- [HOW TO COMPLETE THIS TASK]:
In this exercise, each record below is to be written out again exactly.
Start of PROVIDED RECORDS
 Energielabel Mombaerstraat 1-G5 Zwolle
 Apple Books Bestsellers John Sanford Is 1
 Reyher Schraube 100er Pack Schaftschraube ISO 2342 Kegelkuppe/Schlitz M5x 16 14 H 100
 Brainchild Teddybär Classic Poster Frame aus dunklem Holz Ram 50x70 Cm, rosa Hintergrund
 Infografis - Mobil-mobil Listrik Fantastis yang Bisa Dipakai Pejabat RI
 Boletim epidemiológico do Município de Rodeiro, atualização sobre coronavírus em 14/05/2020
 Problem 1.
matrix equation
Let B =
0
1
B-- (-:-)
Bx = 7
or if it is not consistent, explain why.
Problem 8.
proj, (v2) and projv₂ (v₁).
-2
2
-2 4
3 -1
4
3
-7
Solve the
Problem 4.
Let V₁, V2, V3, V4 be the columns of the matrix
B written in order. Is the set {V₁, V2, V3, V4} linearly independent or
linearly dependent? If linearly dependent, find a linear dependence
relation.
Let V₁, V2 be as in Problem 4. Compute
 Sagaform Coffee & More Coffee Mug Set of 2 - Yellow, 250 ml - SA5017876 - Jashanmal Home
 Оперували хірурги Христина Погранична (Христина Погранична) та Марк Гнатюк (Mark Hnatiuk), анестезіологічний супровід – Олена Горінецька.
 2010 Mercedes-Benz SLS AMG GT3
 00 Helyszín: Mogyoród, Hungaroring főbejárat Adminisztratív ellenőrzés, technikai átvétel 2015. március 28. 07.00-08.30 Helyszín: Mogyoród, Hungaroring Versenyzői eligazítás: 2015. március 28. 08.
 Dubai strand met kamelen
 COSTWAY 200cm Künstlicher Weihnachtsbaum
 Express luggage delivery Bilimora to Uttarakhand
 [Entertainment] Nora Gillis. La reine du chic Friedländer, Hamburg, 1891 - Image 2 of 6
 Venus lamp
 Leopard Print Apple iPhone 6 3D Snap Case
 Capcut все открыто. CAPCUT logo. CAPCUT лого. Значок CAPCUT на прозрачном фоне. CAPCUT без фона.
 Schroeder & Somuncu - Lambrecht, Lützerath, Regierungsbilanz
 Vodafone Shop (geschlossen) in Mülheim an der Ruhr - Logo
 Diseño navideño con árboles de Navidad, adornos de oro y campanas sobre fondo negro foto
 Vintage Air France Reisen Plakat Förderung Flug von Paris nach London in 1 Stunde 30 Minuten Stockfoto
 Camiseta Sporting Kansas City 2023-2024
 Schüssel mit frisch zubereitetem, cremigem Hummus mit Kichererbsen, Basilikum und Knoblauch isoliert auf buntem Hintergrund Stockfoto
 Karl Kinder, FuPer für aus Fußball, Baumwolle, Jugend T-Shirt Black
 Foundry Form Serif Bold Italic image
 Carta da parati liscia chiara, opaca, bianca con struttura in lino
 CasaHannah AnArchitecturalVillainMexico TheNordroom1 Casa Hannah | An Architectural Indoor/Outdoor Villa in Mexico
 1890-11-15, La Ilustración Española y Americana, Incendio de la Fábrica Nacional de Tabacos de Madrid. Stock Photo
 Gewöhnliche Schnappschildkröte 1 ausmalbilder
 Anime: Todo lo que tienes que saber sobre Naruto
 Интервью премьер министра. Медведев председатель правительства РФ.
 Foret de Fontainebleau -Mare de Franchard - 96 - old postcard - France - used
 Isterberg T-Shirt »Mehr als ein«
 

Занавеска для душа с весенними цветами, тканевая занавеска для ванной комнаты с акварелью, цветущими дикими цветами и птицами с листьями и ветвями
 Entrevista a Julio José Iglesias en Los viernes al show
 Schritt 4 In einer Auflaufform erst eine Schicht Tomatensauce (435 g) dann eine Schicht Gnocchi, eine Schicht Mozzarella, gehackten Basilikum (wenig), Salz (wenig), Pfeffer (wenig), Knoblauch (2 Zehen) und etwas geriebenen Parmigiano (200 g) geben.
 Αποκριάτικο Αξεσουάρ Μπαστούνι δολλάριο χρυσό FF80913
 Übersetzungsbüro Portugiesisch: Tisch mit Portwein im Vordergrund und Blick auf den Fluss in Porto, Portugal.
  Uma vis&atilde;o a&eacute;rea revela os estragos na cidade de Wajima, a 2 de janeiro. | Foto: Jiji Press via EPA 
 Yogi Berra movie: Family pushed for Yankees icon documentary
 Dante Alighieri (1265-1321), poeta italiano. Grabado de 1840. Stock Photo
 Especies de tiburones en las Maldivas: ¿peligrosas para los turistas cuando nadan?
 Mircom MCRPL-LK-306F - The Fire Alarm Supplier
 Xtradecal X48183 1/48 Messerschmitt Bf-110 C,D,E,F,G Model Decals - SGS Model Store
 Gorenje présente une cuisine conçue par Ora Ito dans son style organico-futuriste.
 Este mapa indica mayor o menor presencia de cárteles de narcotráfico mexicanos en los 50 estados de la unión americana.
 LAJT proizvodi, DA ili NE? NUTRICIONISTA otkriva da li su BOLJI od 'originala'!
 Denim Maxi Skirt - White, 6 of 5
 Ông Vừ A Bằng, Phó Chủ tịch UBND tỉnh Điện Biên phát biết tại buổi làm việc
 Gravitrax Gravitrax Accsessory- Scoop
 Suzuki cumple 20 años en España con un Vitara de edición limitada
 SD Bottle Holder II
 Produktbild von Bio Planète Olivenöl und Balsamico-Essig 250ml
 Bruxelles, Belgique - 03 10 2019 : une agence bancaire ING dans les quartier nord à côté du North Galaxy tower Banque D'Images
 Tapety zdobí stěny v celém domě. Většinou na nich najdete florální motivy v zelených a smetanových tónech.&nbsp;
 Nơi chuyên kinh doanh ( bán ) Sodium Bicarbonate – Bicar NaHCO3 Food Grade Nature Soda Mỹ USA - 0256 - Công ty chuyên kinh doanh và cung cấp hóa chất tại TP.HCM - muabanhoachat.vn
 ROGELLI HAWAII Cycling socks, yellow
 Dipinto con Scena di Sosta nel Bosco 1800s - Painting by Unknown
End of PROVIDED RECORDS
- [EXPECTED ANSWER]:
 Energielabel Mombaerstraat 1-G5 Zwolle
 Apple Books Bestsellers John Sanford Is 1
 Reyher Schraube 100er Pack Schaftschraube ISO 2342 Kegelkuppe/Schlitz M5x 16 14 H 100
 Brainchild Teddybär Classic Poster Frame aus dunklem Holz Ram 50x70 Cm, rosa Hintergrund
 Infografis - Mobil-mobil Listrik Fantastis yang Bisa Dipakai Pejabat RI
 Boletim epidemiológico do Município de Rodeiro, atualização sobre coronavírus em 14/05/2020
 Problem 1.
matrix equation
Let B =
0
1
B-- (-:-)
Bx = 7
or if it is not consistent, explain why.
Problem 8.
proj, (v2) and projv₂ (v₁).
-2
2
-2 4
3 -1
4
3
-7
Solve the
Problem 4.
Let V₁, V2, V3, V4 be the columns of the matrix
B written in order. Is the set {V₁, V2, V3, V4} linearly independent or
linearly dependent? If linearly dependent, find a linear dependence
relation.
Let V₁, V2 be as in Problem 4. Compute
 Sagaform Coffee & More Coffee Mug Set of 2 - Yellow, 250 ml - SA5017876 - Jashanmal Home
 Оперували хірурги Христина Погранична (Христина Погранична) та Марк Гнатюк (Mark Hnatiuk), анестезіологічний супровід – Олена Горінецька.
 2010 Mercedes-Benz SLS AMG GT3
 00 Helyszín: Mogyoród, Hungaroring főbejárat Adminisztratív ellenőrzés, technikai átvétel 2015. március 28. 07.00-08.30 Helyszín: Mogyoród, Hungaroring Versenyzői eligazítás: 2015. március 28. 08.
 Dubai strand met kamelen
 COSTWAY 200cm Künstlicher Weihnachtsbaum
 Express luggage delivery Bilimora to Uttarakhand
 [Entertainment] Nora Gillis. La reine du chic Friedländer, Hamburg, 1891 - Image 2 of 6
 Venus lamp
 Leopard Print Apple iPhone 6 3D Snap Case
 Capcut все открыто. CAPCUT logo. CAPCUT лого. Значок CAPCUT на прозрачном фоне. CAPCUT без фона.
 Schroeder & Somuncu - Lambrecht, Lützerath, Regierungsbilanz
 Vodafone Shop (geschlossen) in Mülheim an der Ruhr - Logo
 Diseño navideño con árboles de Navidad, adornos de oro y campanas sobre fondo negro foto
 Vintage Air France Reisen Plakat Förderung Flug von Paris nach London in 1 Stunde 30 Minuten Stockfoto
 Camiseta Sporting Kansas City 2023-2024
 Schüssel mit frisch zubereitetem, cremigem Hummus mit Kichererbsen, Basilikum und Knoblauch isoliert auf buntem Hintergrund Stockfoto
 Karl Kinder, FuPer für aus Fußball, Baumwolle, Jugend T-Shirt Black
 Foundry Form Serif Bold Italic image
 Carta da parati liscia chiara, opaca, bianca con struttura in lino
 CasaHannah AnArchitecturalVillainMexico TheNordroom1 Casa Hannah | An Architectural Indoor/Outdoor Villa in Mexico
 1890-11-15, La Ilustración Española y Americana, Incendio de la Fábrica Nacional de Tabacos de Madrid. Stock Photo
 Gewöhnliche Schnappschildkröte 1 ausmalbilder
 Anime: Todo lo que tienes que saber sobre Naruto
 Интервью премьер министра. Медведев председатель правительства РФ.
 Foret de Fontainebleau -Mare de Franchard - 96 - old postcard - France - used
 Isterberg T-Shirt »Mehr als ein«
 

Занавеска для душа с весенними цветами, тканевая занавеска для ванной комнаты с акварелью, цветущими дикими цветами и птицами с листьями и ветвями
 Entrevista a Julio José Iglesias en Los viernes al show
 Schritt 4 In einer Auflaufform erst eine Schicht Tomatensauce (435 g) dann eine Schicht Gnocchi, eine Schicht Mozzarella, gehackten Basilikum (wenig), Salz (wenig), Pfeffer (wenig), Knoblauch (2 Zehen) und etwas geriebenen Parmigiano (200 g) geben.
 Αποκριάτικο Αξεσουάρ Μπαστούνι δολλάριο χρυσό FF80913
 Übersetzungsbüro Portugiesisch: Tisch mit Portwein im Vordergrund und Blick auf den Fluss in Porto, Portugal.
  Uma vis&atilde;o a&eacute;rea revela os estragos na cidade de Wajima, a 2 de janeiro. | Foto: Jiji Press via EPA 
 Yogi Berra movie: Family pushed for Yankees icon documentary
 Dante Alighieri (1265-1321), poeta italiano. Grabado de 1840. Stock Photo
 Especies de tiburones en las Maldivas: ¿peligrosas para los turistas cuando nadan?
 Mircom MCRPL-LK-306F - The Fire Alarm Supplier
 Xtradecal X48183 1/48 Messerschmitt Bf-110 C,D,E,F,G Model Decals - SGS Model Store
 Gorenje présente une cuisine conçue par Ora Ito dans son style organico-futuriste.
 Este mapa indica mayor o menor presencia de cárteles de narcotráfico mexicanos en los 50 estados de la unión americana.
 LAJT proizvodi, DA ili NE? NUTRICIONISTA otkriva da li su BOLJI od 'originala'!
 Denim Maxi Skirt - White, 6 of 5
 Ông Vừ A Bằng, Phó Chủ tịch UBND tỉnh Điện Biên phát biết tại buổi làm việc
 Gravitrax Gravitrax Accsessory- Scoop
 Suzuki cumple 20 años en España con un Vitara de edición limitada
 SD Bottle Holder II
 Produktbild von Bio Planète Olivenöl und Balsamico-Essig 250ml
 Bruxelles, Belgique - 03 10 2019 : une agence bancaire ING dans les quartier nord à côté du North Galaxy tower Banque D'Images
 Tapety zdobí stěny v celém domě. Většinou na nich najdete florální motivy v zelených a smetanových tónech.&nbsp;
 Nơi chuyên kinh doanh ( bán ) Sodium Bicarbonate – Bicar NaHCO3 Food Grade Nature Soda Mỹ USA - 0256 - Công ty chuyên kinh doanh và cung cấp hóa chất tại TP.HCM - muabanhoachat.vn
 ROGELLI HAWAII Cycling socks, yellow
 Dipinto con Scena di Sosta nel Bosco 1800s - Painting by Unknown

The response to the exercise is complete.